The Dog smiled. “It would be no trouble! You could come home with me and I’m sure my Master would take you in as well. You could share in my work and we would both be fed regularly!”

The Wolf agreed and he and the Dog set off to go to town together. While they were on the way, the Wolf noticed a spot on the Dog’s neck where there was very little hair.

“Cousin, what is wrong with your neck?” the Wolf asked.

“Oh that,” said the Dog, “It’s nothing. My Master keeps me on a chain at night and that is where the collar goes.
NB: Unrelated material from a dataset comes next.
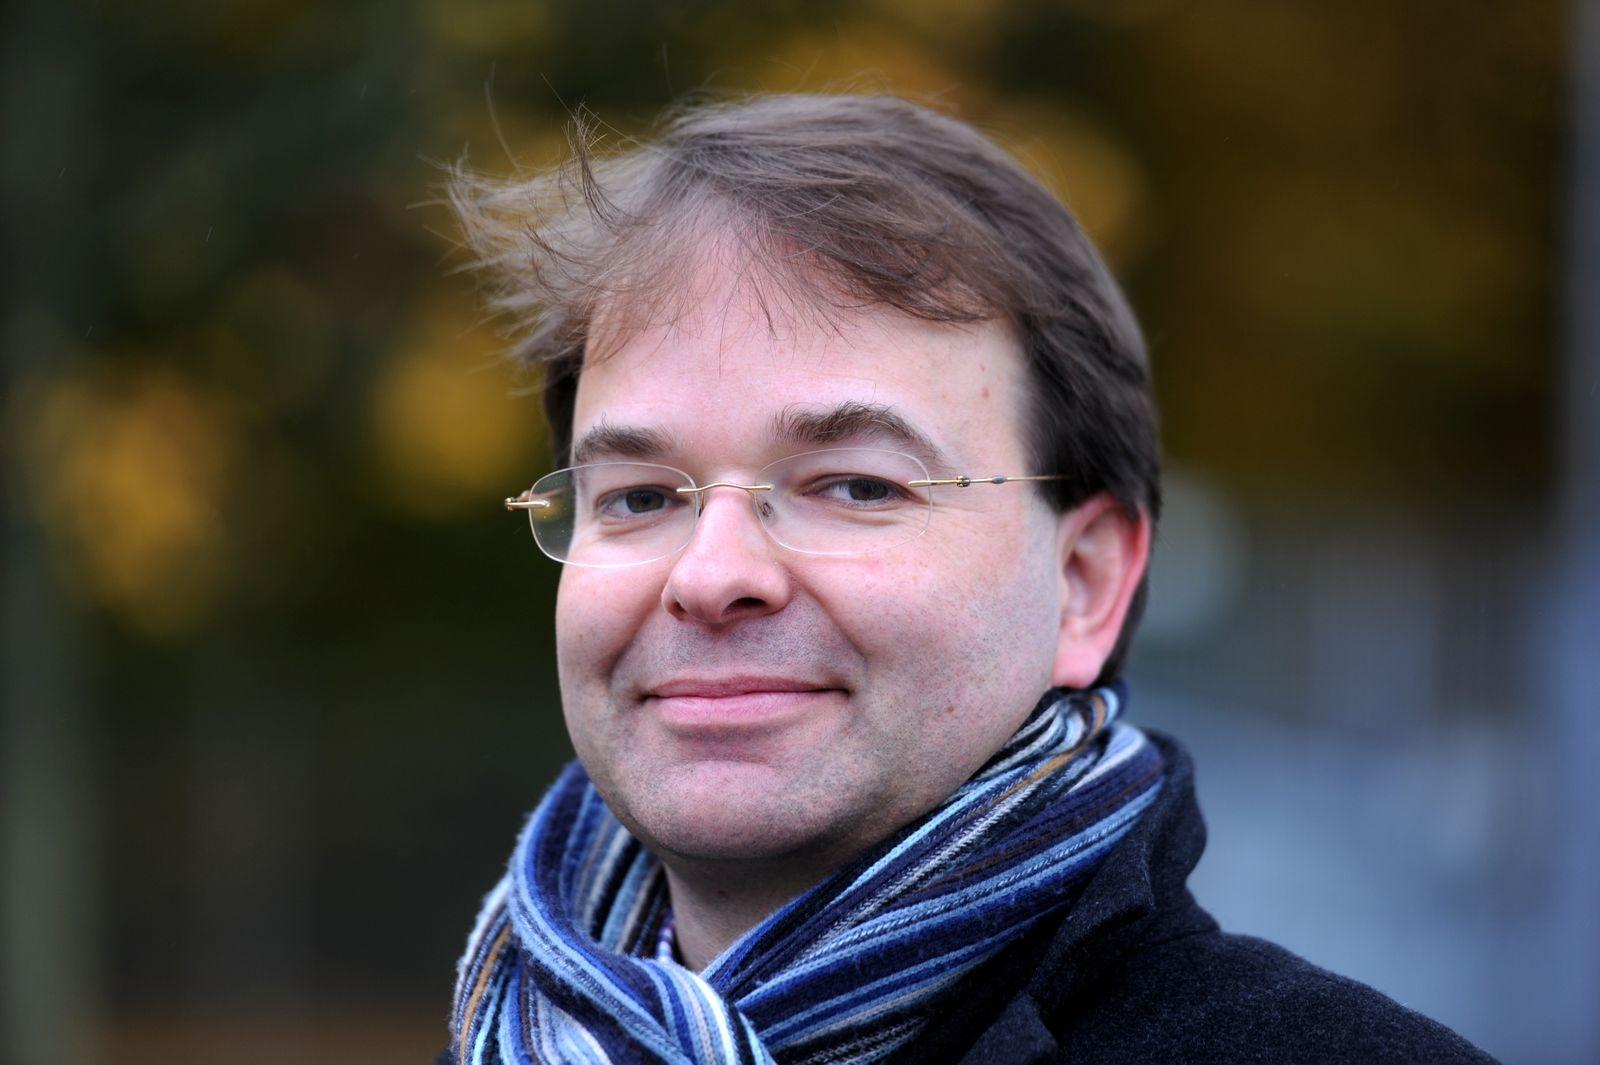 Krisenforscher Frank Roselieb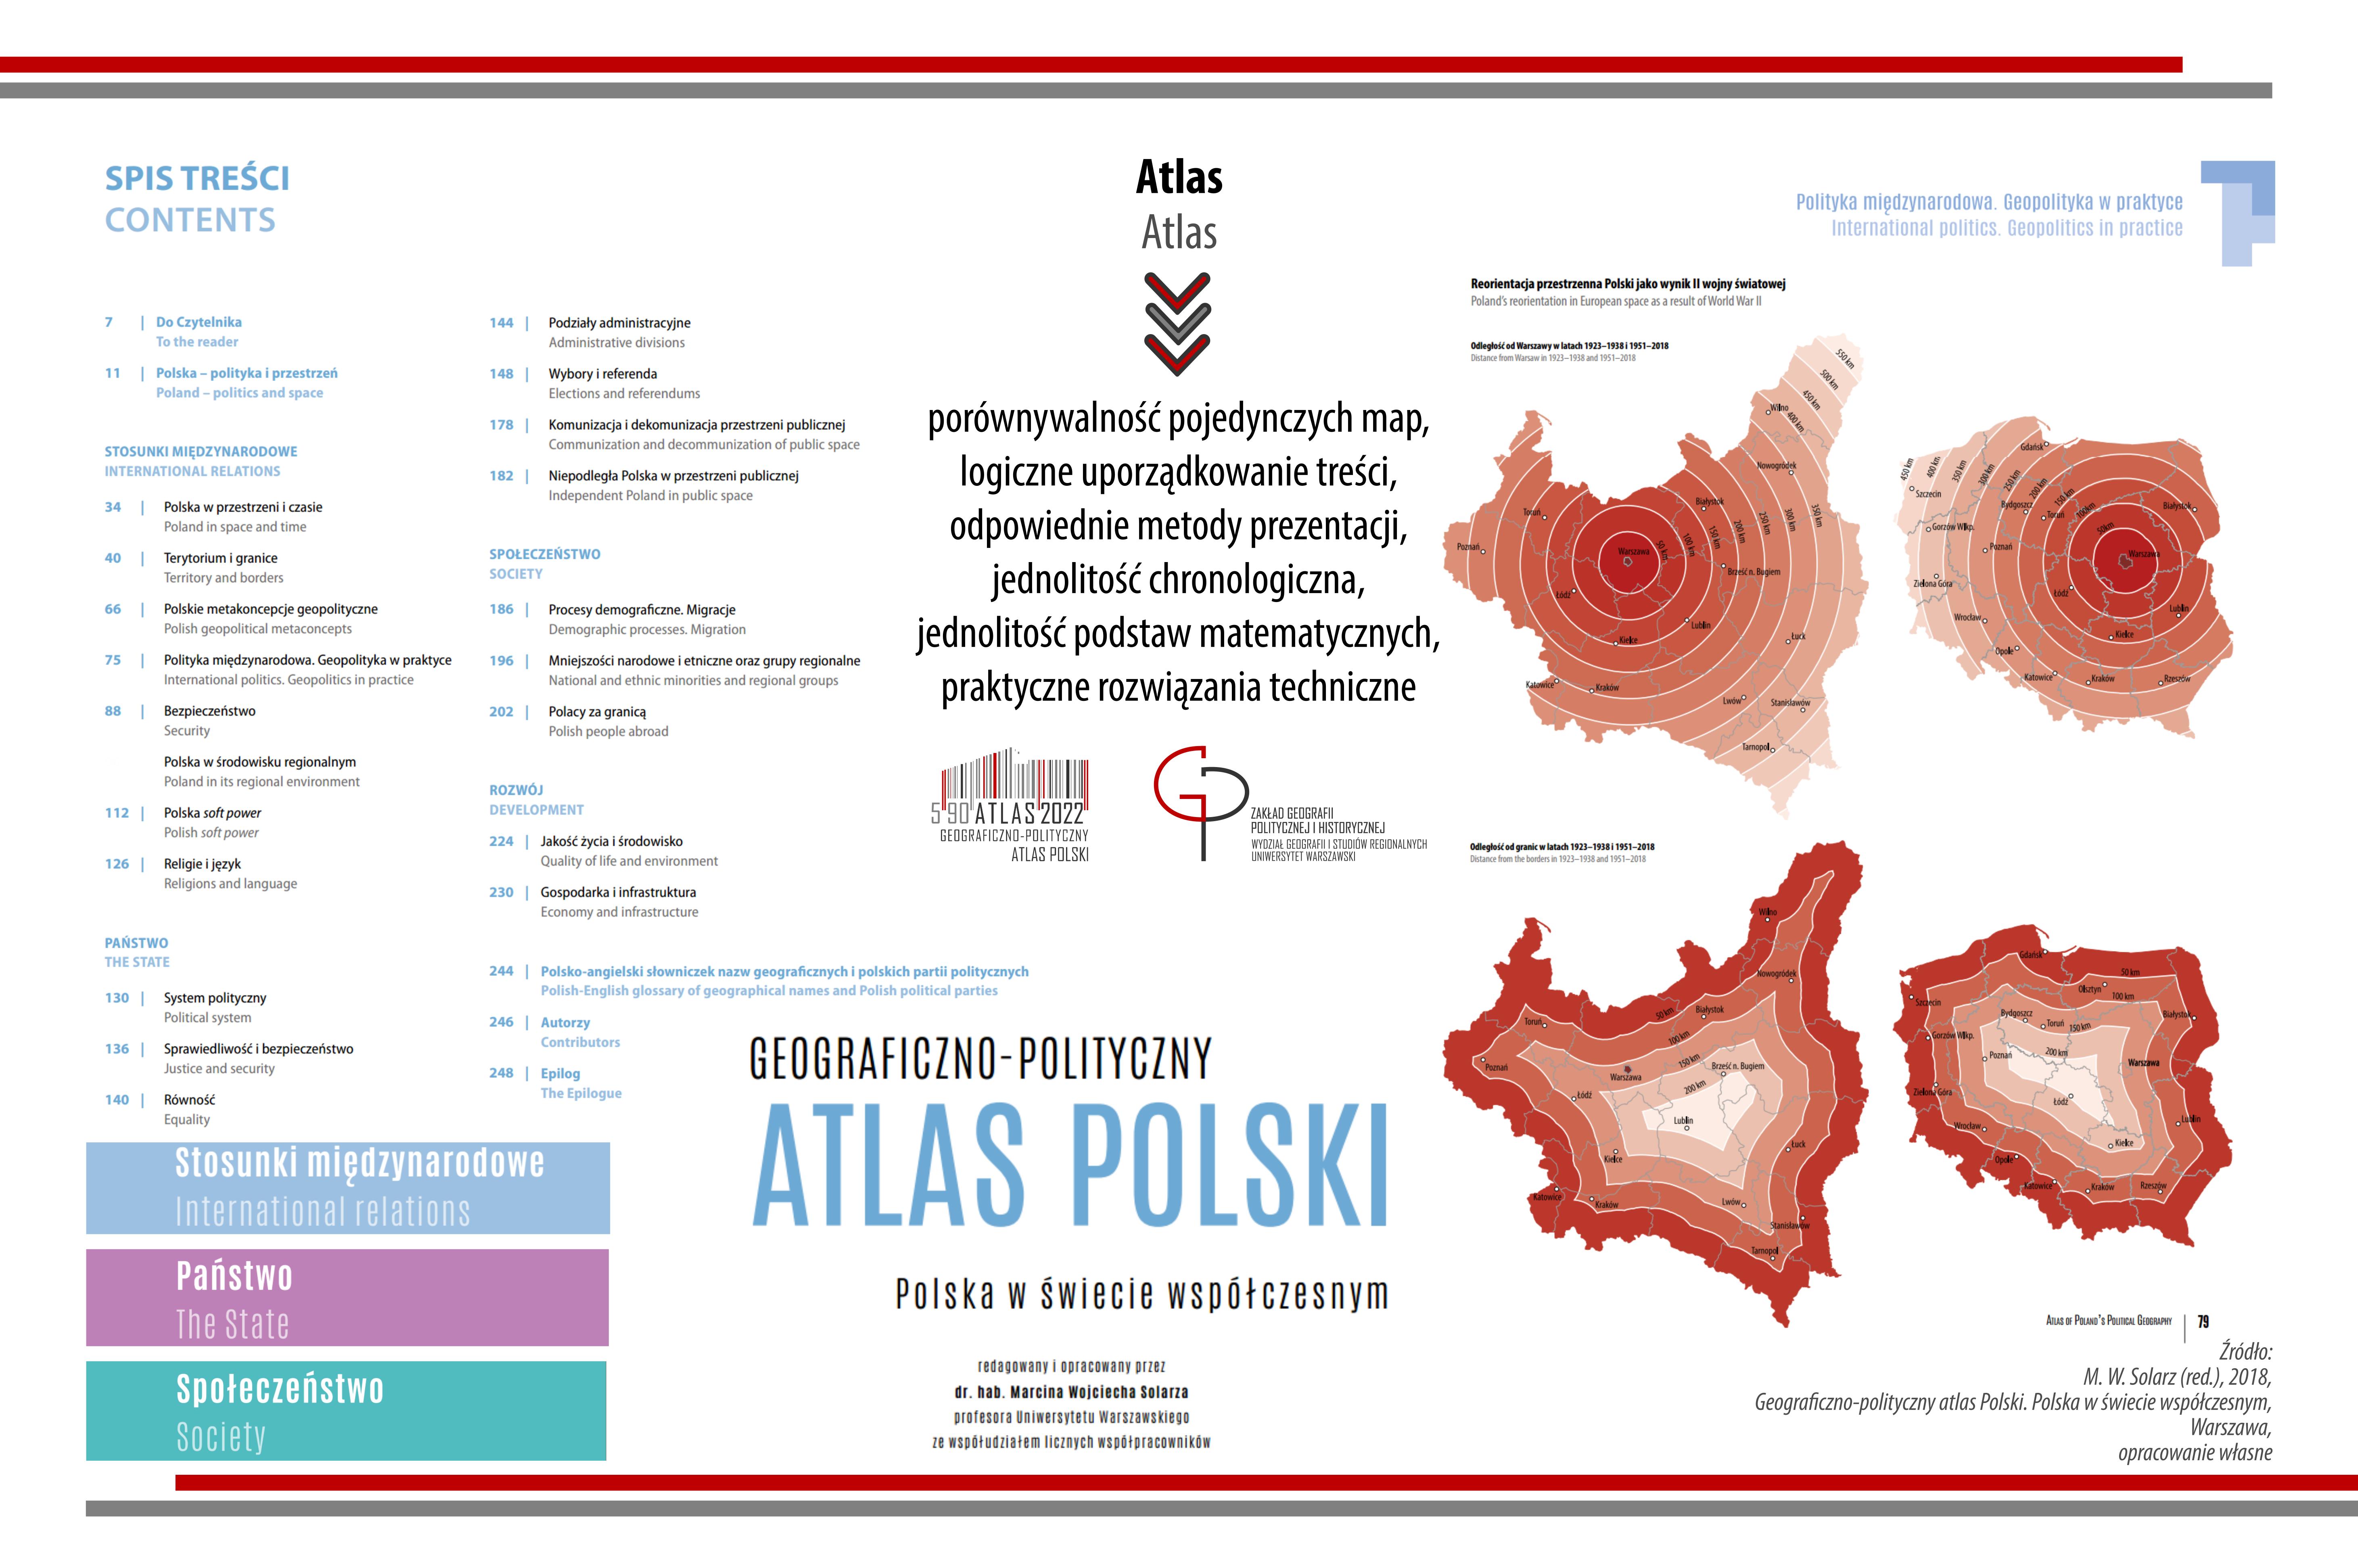 POST KARTOGRAFICZNY: atlasy

It’s uncomfortable but you get used to it after awhile.”

“Goodbye cousin!” said the Wolf, turning to leave. “I’d rather starve and be free than be fat and a slave!”

Freedom versus security. It’s the age old debate at the heart of this fable by Aesop. Who is right? The Wolf or the Dog? Your answer probably depends on your point of view. The truth is both cousins suffer from a kind of bondage. The Dog is a slave to a human master while the Wolf is captive to his circumstances: forced into a lifelong fight for survival. We human beings find ourselves in a similar situation.  Jesus says, “Come to me you who are weary and heavy laden and find rest for your souls. My burden is easy and my yoke is light.” Disciples are called to throw off the chains of sin and death and to find freedom in serving Christ.  Like the Dog, each of us is born a slave to sin and must abandon the false security offered by our old life and embrace the radical freedom that is found in knowing Christ. But this way of life is not forced upon us. It is one we must choose. Like the Wolf, each of us must decide if we are willing to take up the yoke or Christ or cling to the illusion of freedom that threatens to destroy us.